Circuits, systems, and methods are disclosed to control access to remote memory based on machine learning. This includes learning memory access patterns (heuristically) based on past memory accesses to the remote memory. For example, learning is based on artificial intelligence, such as via classifiers that observe memory access patterns. Weighting values can be assigned to the learned patterns based on the frequency of the memory accesses and parameters relating to conditions when the memory accesses have occurred. For example, the parameter conditions can include time of day, day of the week, day of the month, type of request, and address range of the request. Parameter values for a set of the conditions can be monitored to control subsequent memory actions, which may include retrieving (e.g., pre-fetching) data from a determined memory address location of the remote memory before it is requested by a given processor node based on evaluating the assigned weighting values and the parameter values.

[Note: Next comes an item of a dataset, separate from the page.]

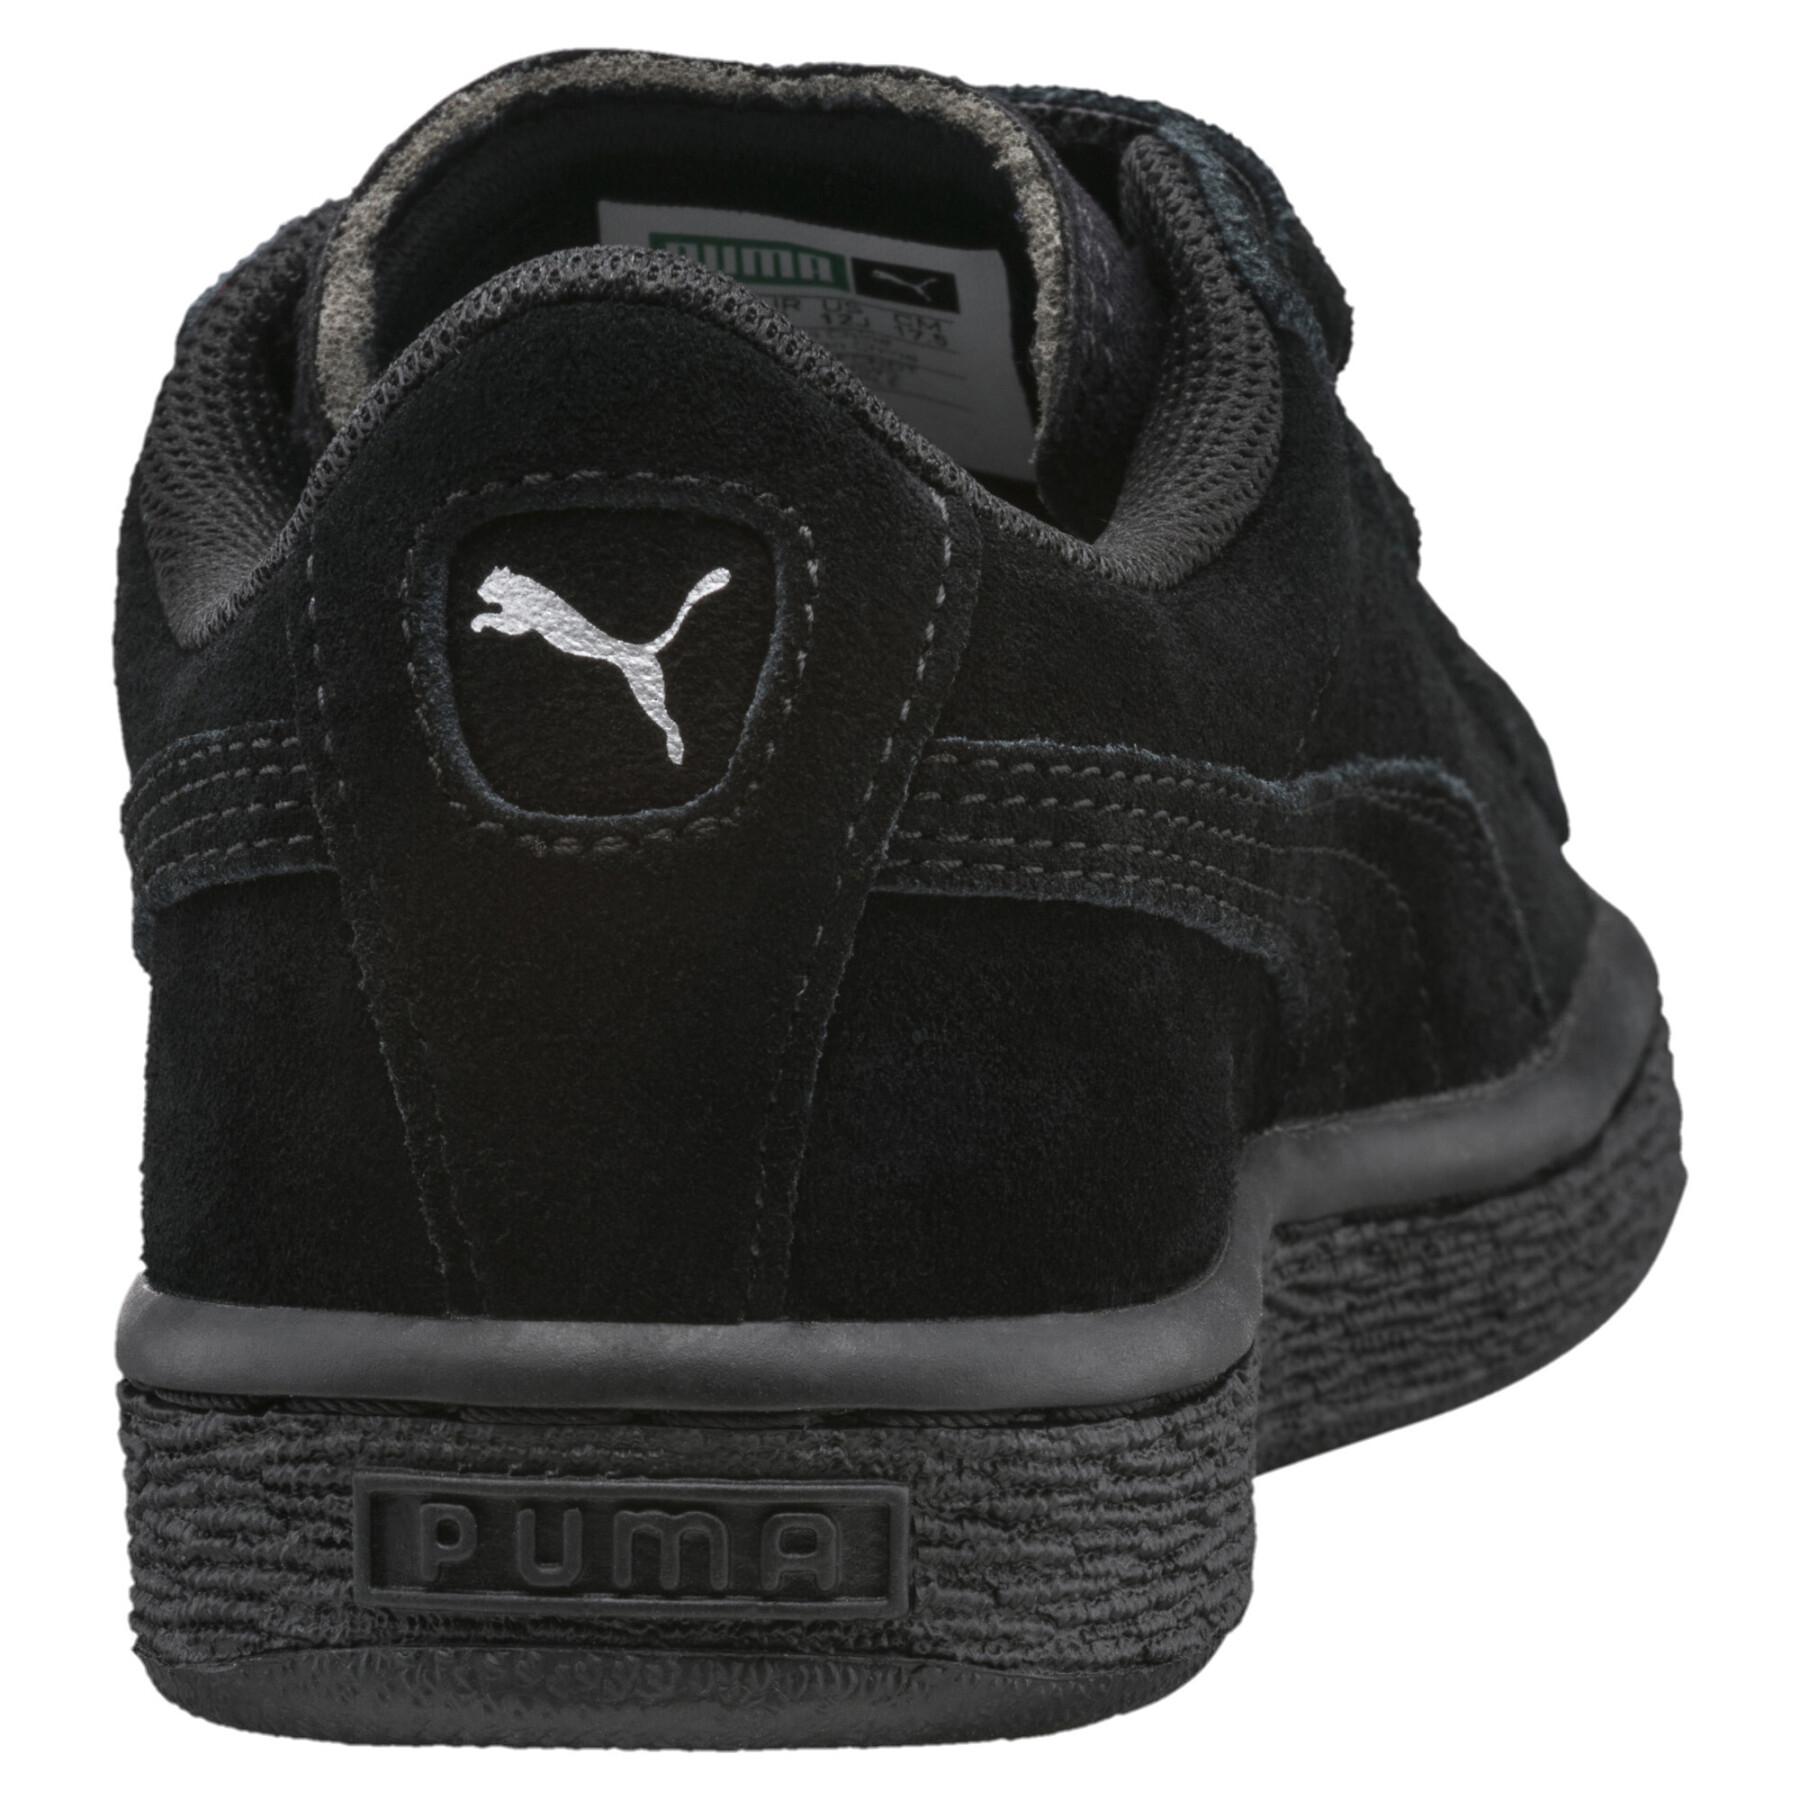 2-strap sneakers for children Puma Suede
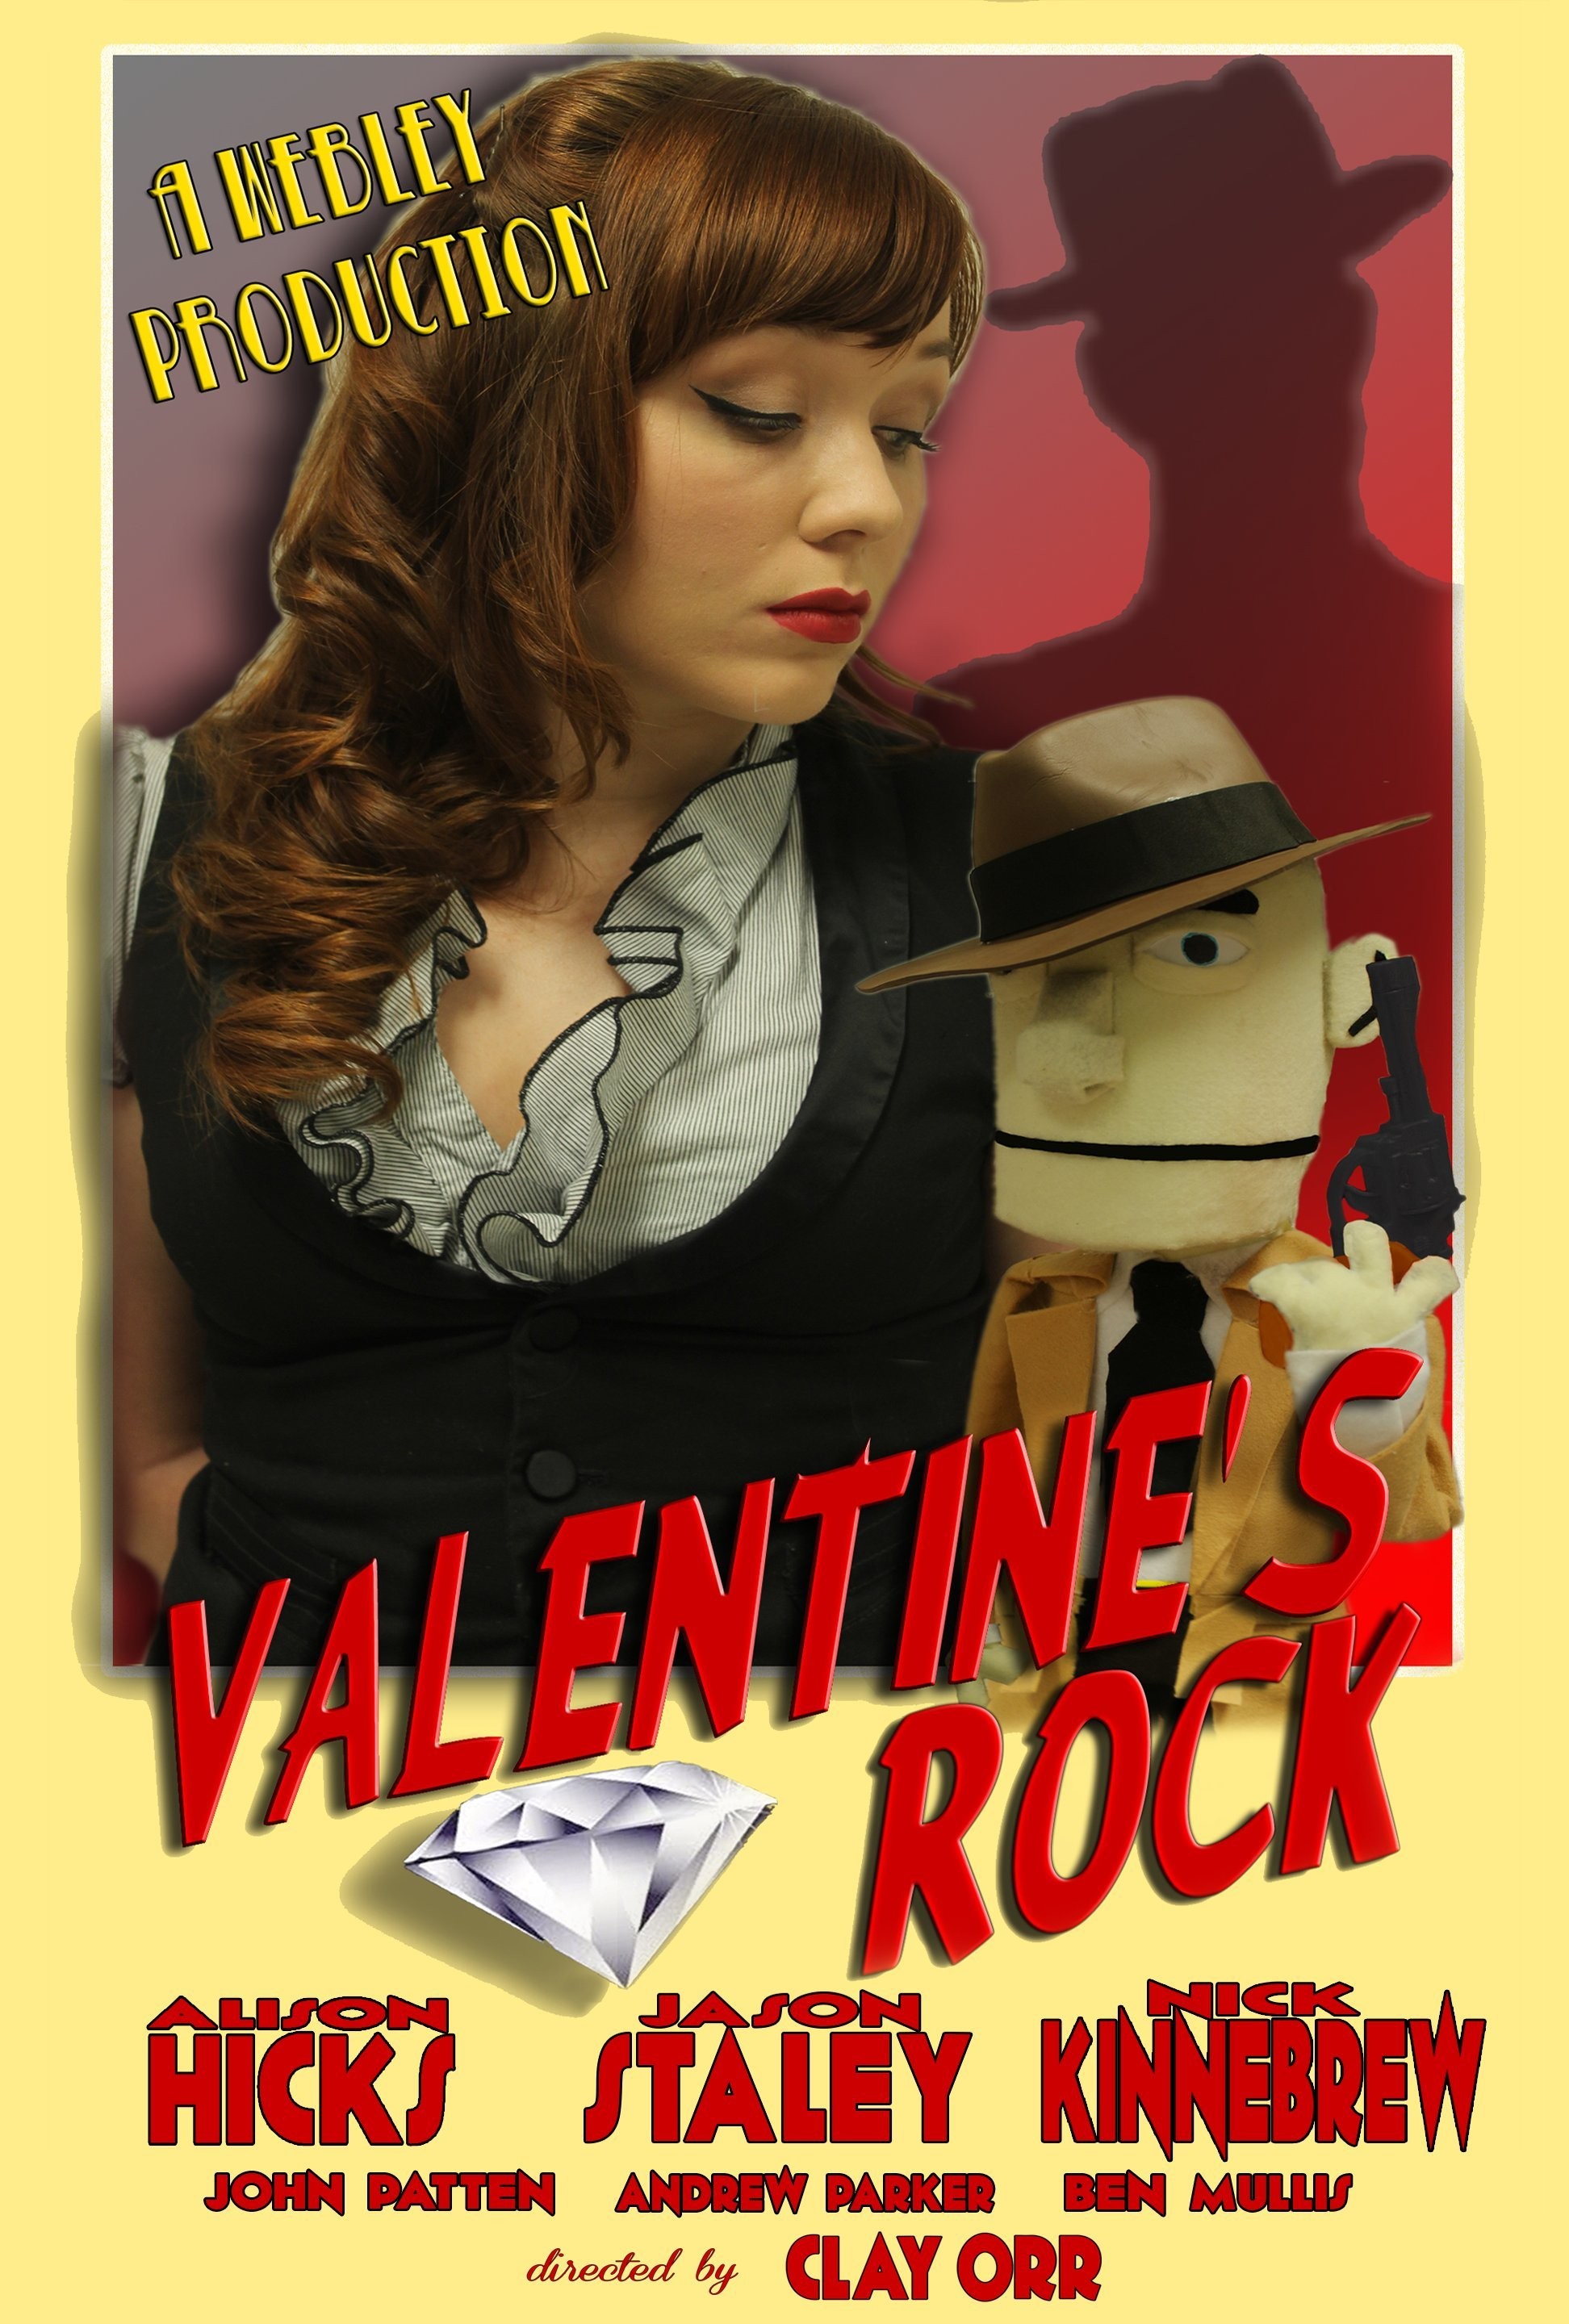 Mega Sized Movie Poster Image for Valentine's Rock

In one example, Content Addressable Memory (CAM) memories can be employed to store the parameter values and utilized for high-speed lookup to determine likely future memory actions. For instance, the memory actions can include memory requests (e.g., reads, memory writes). The memory actions may also include other supervisory or management actions that change a state for a block of memory (e.g., modified, exclusive, shared or invalid) to facilitate coherency of the data that is stored in the remote memory. By way of example, in response to parameter values of a current memory request matching stored parameters of a CAM row line, the another memory associated with the CAM automatically provides weighted values, which may be summed from multiple CAM row line matches. The value from the last CAM search can also be accumulated unless the CAM rows are assigned to clear history. In that example, the past request history can be cleared. In some examples, the total weighting in which primary CAM row lines match can be input into a secondary CAM. The secondary CAM produces a state change to trigger the speculative memory action to be implemented based on current parameter values. The weighting values accessed fin accordance with the primary CAM search can be summed to generate a summed weighting value that can be compared to a threshold. If the threshold is exceeded, the secondary CAM can be evaluated to determine likely future memory actions as well as to update the weighting values and parameters.
By way of example, it may be learned that when memory request “A” occurs, that within a few clock cycles (or some other predetermined time window) that memory action “B” will follow. Thus, the parameter values when memory action “A” occurs can be updated to indicate a higher likelihood that memory action “B” will occur. During a current processor node request, when the address for memory action “A” matches along with the weighting values retrieved in response to current parameter values, memory action “B” can be executed before actually being requested by a given processor node. When the processor node actually requests memory action “B”, the node controller 120 can fulfill the request from local node resources (e.g., local buffer) as opposed to the slower process of having to access the remote memory 120 at the time of the request.
Event detection circuitry 140 stores the parameters and the weighting values for each of the parameters (as updated by the learning block 130) associated with an address for the given data block in the remote memory 120. The event detection circuitry 140 determines a subsequent memory action to execute for the prospective data block in the remote memory based on matching an address of a current request to the given data block and comparing current parameter values associated with the current request relative to the stored parameters.
The event detection circuitry 140 can include a comparator (see e.g.,
As mentioned, the future memory action can include activating the node controller 110 to execute a request to retrieve (e.g., pre-fetch) a predicted data block, such as a read request or write request for the data, from the remote memory 120 before one of the processor nodes issues the request. This saves time for the processor nodes in having to access the remote memory 120 themselves and increases the efficiency of access to the remote memory since processor node hand shaking to the node controller 110 when accessing the remote memory can be reduced. That is, since the node controller 110 can retrieve the predicted data block from the remote memory 120 and store it in a local buffer of the node controller, the request received from the processor node (assuming a match) can be provided to such processor node in a response without having to execute its retrieval in response to such request.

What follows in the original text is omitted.